An ordinance proposed today by two members of the Boston City Council would license up to 25 food trucks with the hope of spurring a small fleet of high-end mobile restaurants.
The proposal, by Councilors Michael P. Ross and Salvatore LaMattina at today's weekly meeting, will require a public hearing and approval by the mayor and a majority of the council. The ordinance draws on lessons learned by other cities that have experienced a proliferation of gourmet food trucks.
It would require a fixed brick-and-mortar commissary for water, supplies, and cleaning; a ban on parking within 100 feet of an established restaurant selling similar food; and other crucial requirements of running a mobile kitchen, such as having a bathroom plan so employees can use the toilet.
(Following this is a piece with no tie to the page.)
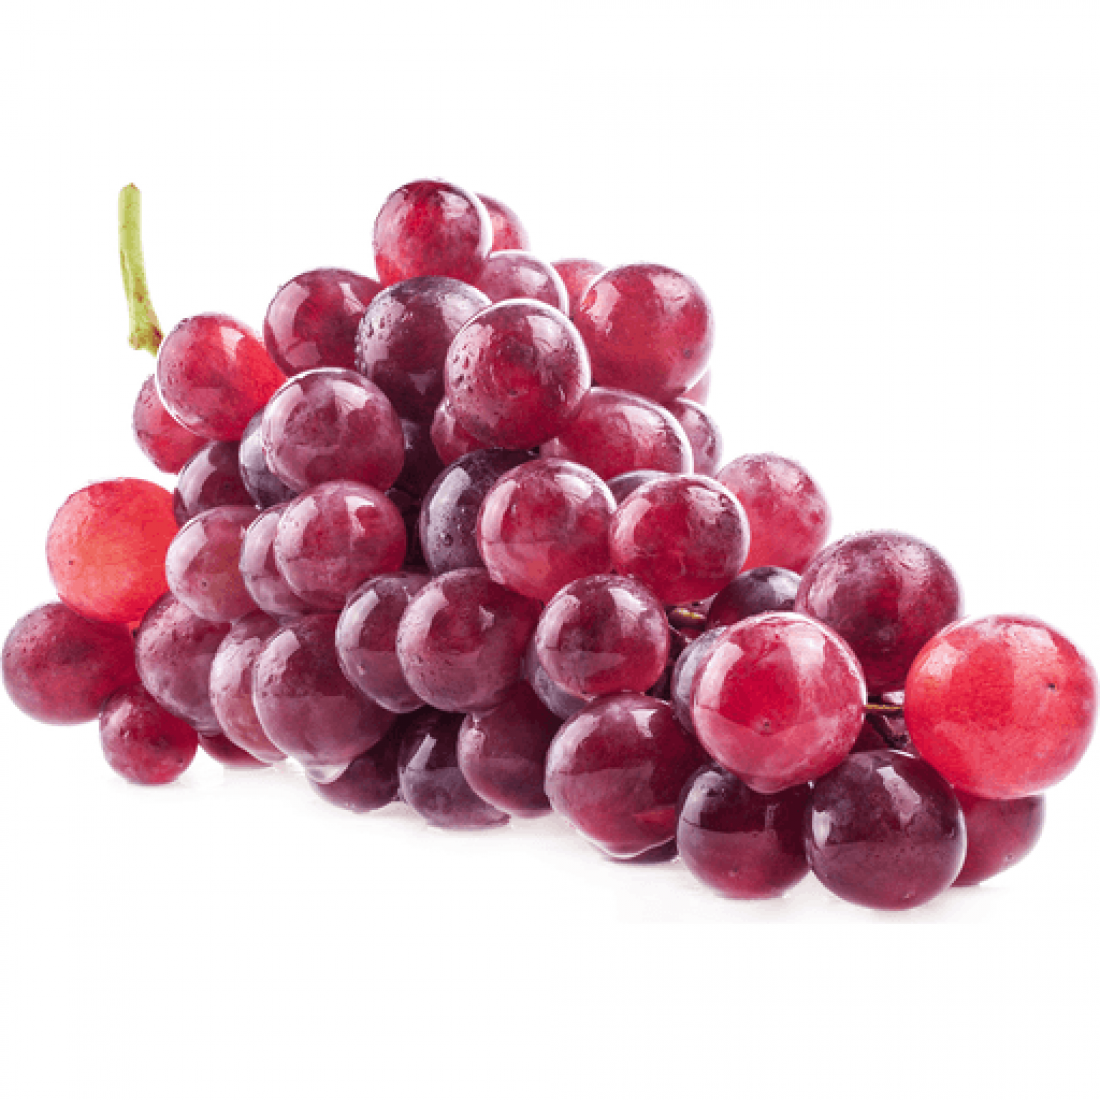 USA Red Seedless Grapes

Ross and LaMattina recently made a pilgrimage to the food truck mecca of Los Angeles. The pair studied the city's food truck laws on the cross-country flight, crashed at LaMattina's brother-in-law's home, and spent a day a food-truck Friday in Venice Beach, devouring Korean barbecue tacos and grilled cheese stuffed with mac-and-cheese noodles.
"These guys are making money in a down economy and the citizens of LA love it," Ross said, who said he paid for the flight from his campaign fund and not taxpayer money. "Every restaurant had lines out the door in addition to the food trucks."
The two councilors compiled their findings in a five-page report, which distinguishes between lunch wagons that deliver sandwiches and other premade food to work sites and high-end food trucks, which are literally full kitchens on wheels.